Hallábase ricamente alhajada la parte que en el alcázar habitaba este señor; costosos tapices, ostentosas alfombras de Asia, almohadones de la misma procedencia, cuanto el lujo de la época podían permitir, se hallaba allí reunido con el mayor gusto y primor; ardían lentamente en los cuatro ángulos del salón principal pebeteros de oro que exhalaban aromas deliciosos del oriente, uso que habían introducido los árabes entre nosotros. A una parte del hogar se veía una mujer joven y asaz bien parecida, vestida con descuido a la moda del tiempo y sentada en una pesada poltrona, notable por su madera y por el mucho trabajo de adornos y relieves con que se había divertido el artista en sobrecargarla; descansaban sus pies en un lindo taburete, y se hallaba ocupada en una delicada labor de su sexo. Ayudábala enfrente de ella a su trabajo y a pasar las horas de la primera noche otra mujer todavía más sencilla en su traje y poco más o menos de su misma edad. Todo lo que la primera le llevaba de ventaja a la segunda en dignidad y riqueza, llevaba la segunda a la primera en gracia y en hermosura. Tez blanca y más suave a la vista que la misma seda, estatura ni alta ni pequeña, pie proporcionado a sus dimensiones, garganta disculpa del atrevimiento y fisonomía llena de alma y de expresión. Su cabello brillaba como el ébano; sus ojos, sin ser negros, tenían toda la expresión y fiereza de tales; sus demás facciones, más que por una extraordinaria pulidez, se distinguían por su regularidad y sus proporciones marcadas y eran las que un dibujante llamaría en el día académicas o de estudio. Sus labios algo gruesos daban a su boca cierta expresión amorosa y de voluptuosidad a que nunca pueden pretender los labios delgados y sutiles, y sus sonrisas frecuentes, llenas de encanto y de dulzura, manifestaban que no ignoraba cuánto valor tenían las dos filas de blancos y menudos dientes que en cada una de ellas francamente descubría. Cierta suave palidez, indicio de que su alma había sentido ya los primeros tiros del pesar y de la tristeza, al paso que hacía resaltar sus vagas sonrisas, interesaba y rendía a todo el que tenía la desgracia de verla una vez para su eterno tormento.

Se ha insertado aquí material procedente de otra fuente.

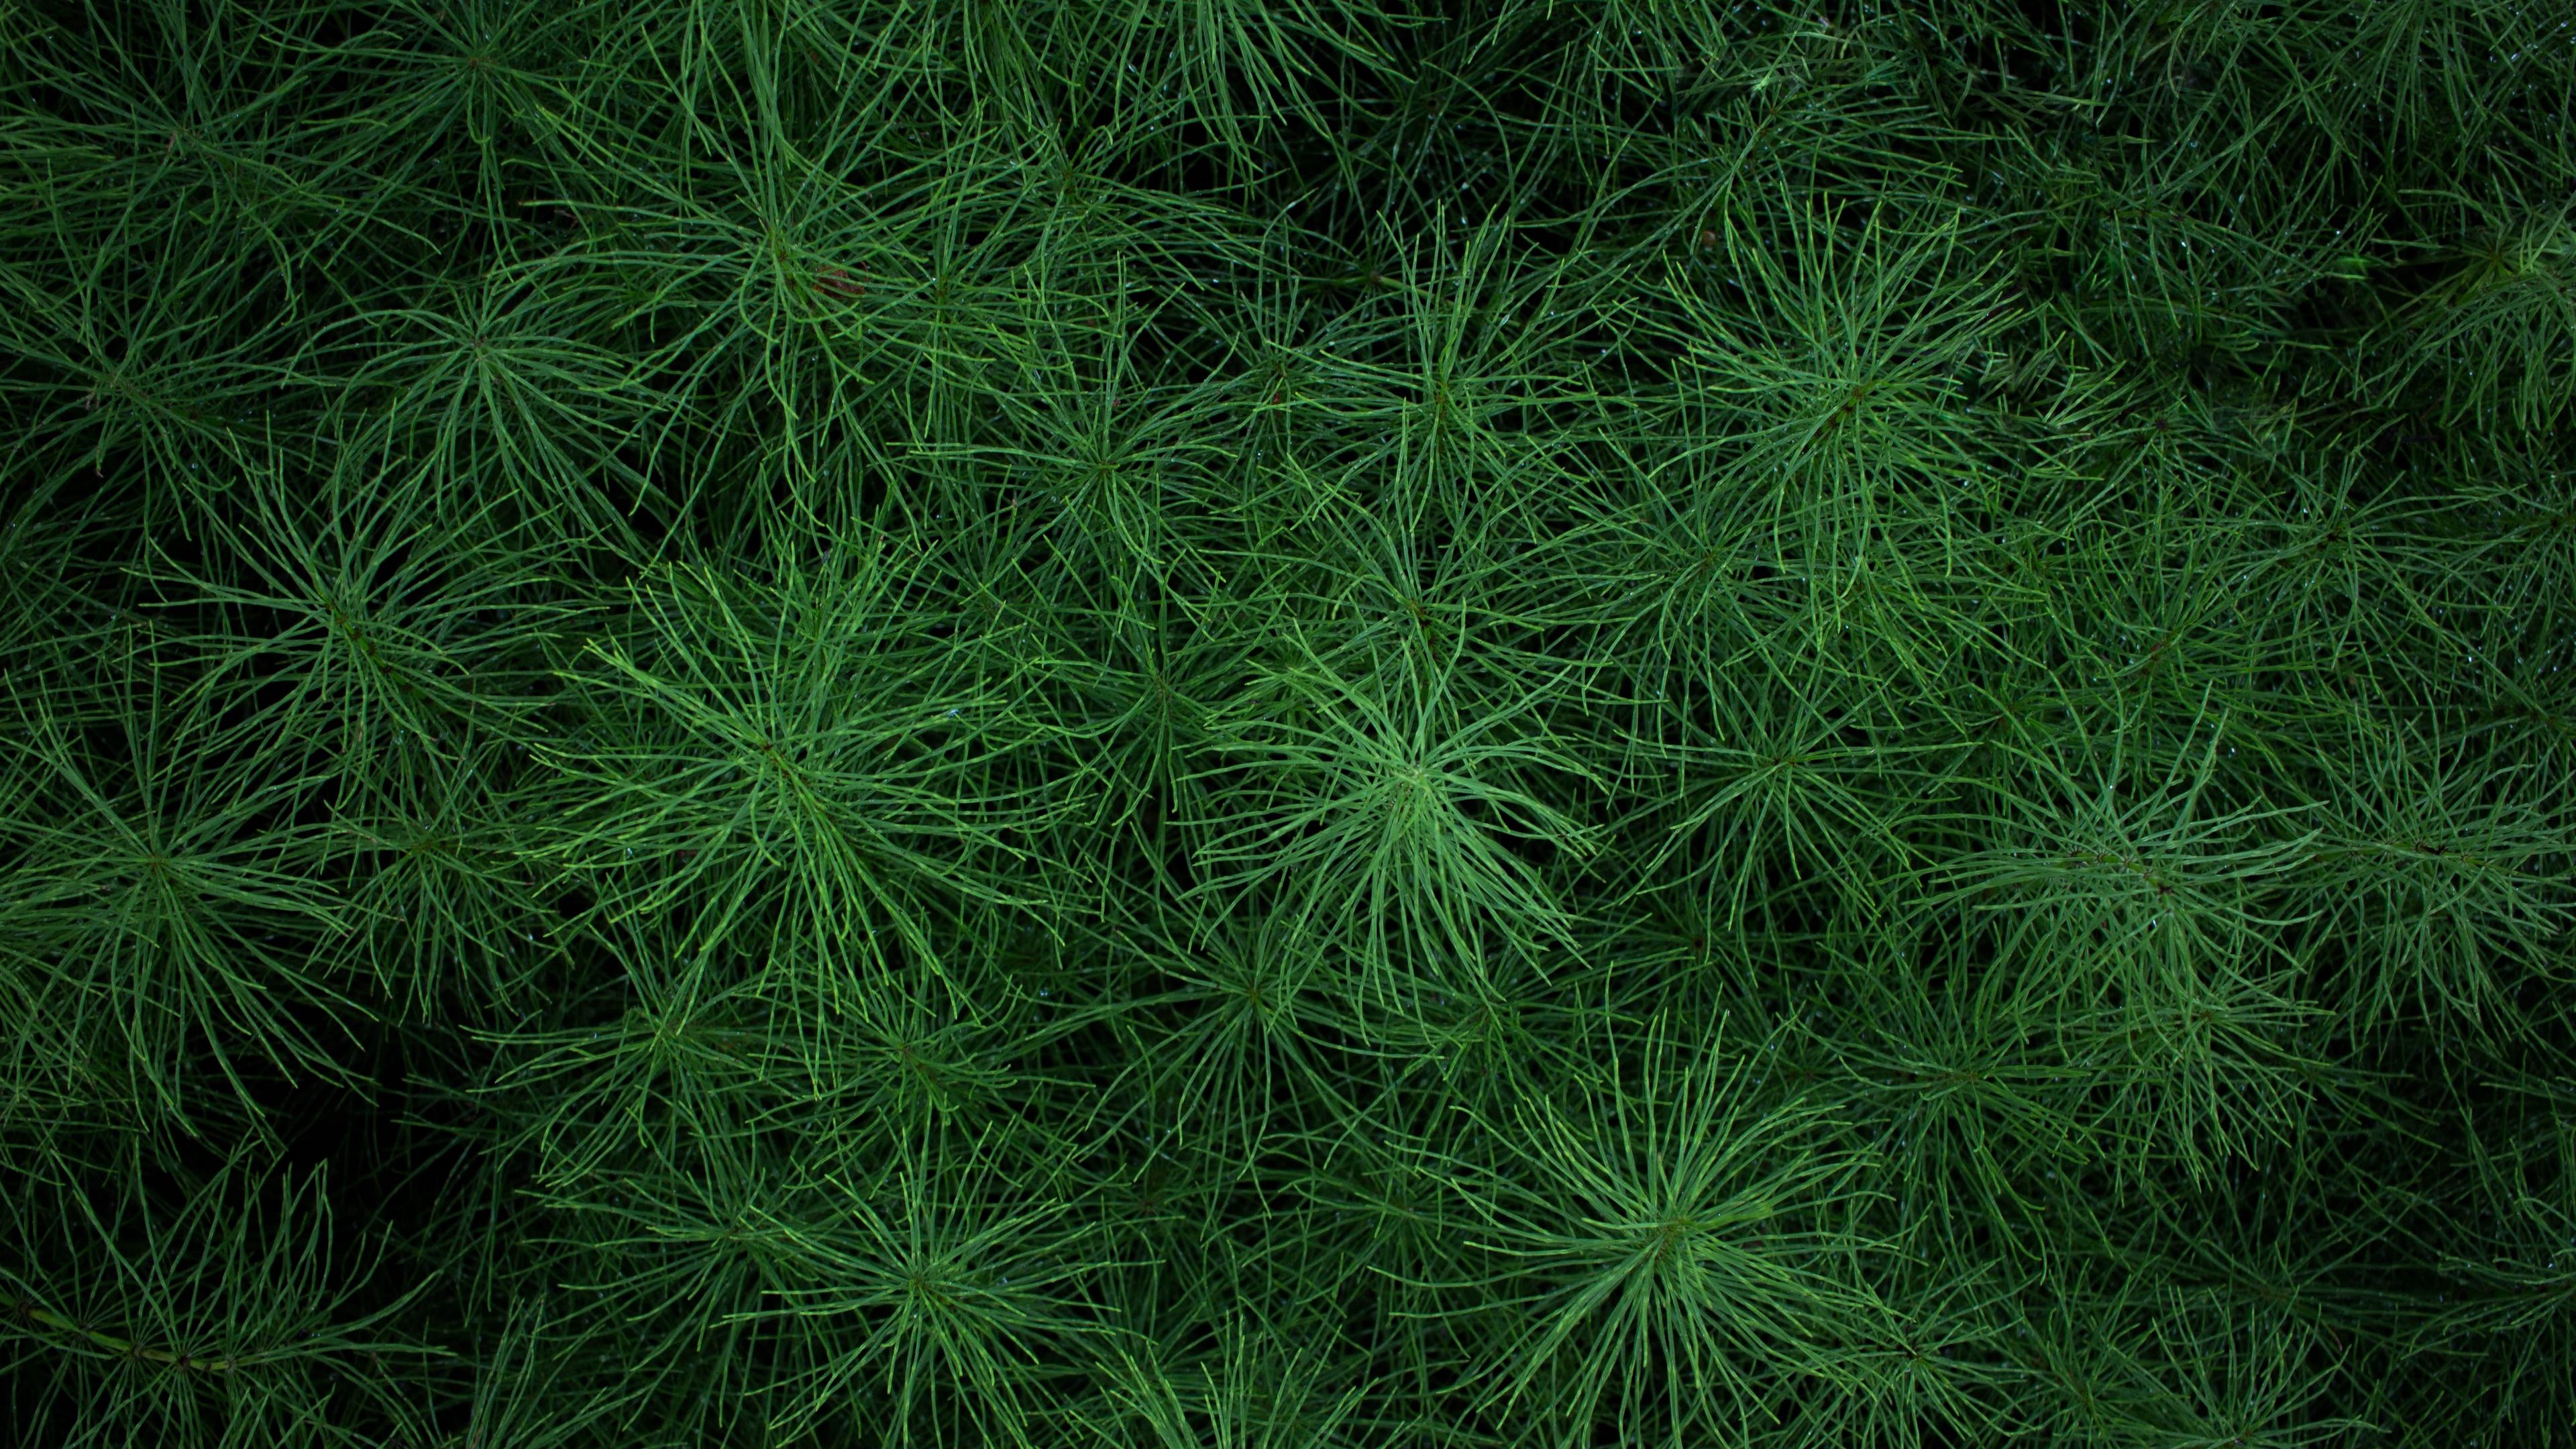 grass greens plant 4k 1541115027 - grass, greens, plant 4k - Plant, greens, Grass

En el otro extremo del salón bordaban un tapiz varias dueñas y doncellas en silencio, muestra del respeto que a su señora tenían. Hablaba ésta con su dama favorita, pero en un tono de voz tal, que hubiera sido muy difícil a las demás personas, que al otro lado de la habitación se hallaban, enlazar y coordinar las pocas palabras sueltas que llegaban a sus oídos enteras de rato en rato, cuando la vehemencia en el decir o alguna rápida exclamación hacían subir de punto las entonaciones del diálogo entre las dos establecido.
-Elvira -decía doña María de Albornoz a su camarera-, Elvira, ¡cuánta envidia te tengo!
-¿Envidia, señora? ¿A mí? -contestó Elvira con curiosidad.
-Sí; ¿qué puedes desear? Tienes un marido que te ama y de quien te casaste enamorada; tu posición en el mundo te mantiene a cubierto de los tiros de la ambición y de las intrigas de la Corte...
-¿Y es doña María de Albornoz, la rica heredera y la esposa del ilustre don Enrique de Villena, quien tiene envidia a la mujer de un hidalgo particular?...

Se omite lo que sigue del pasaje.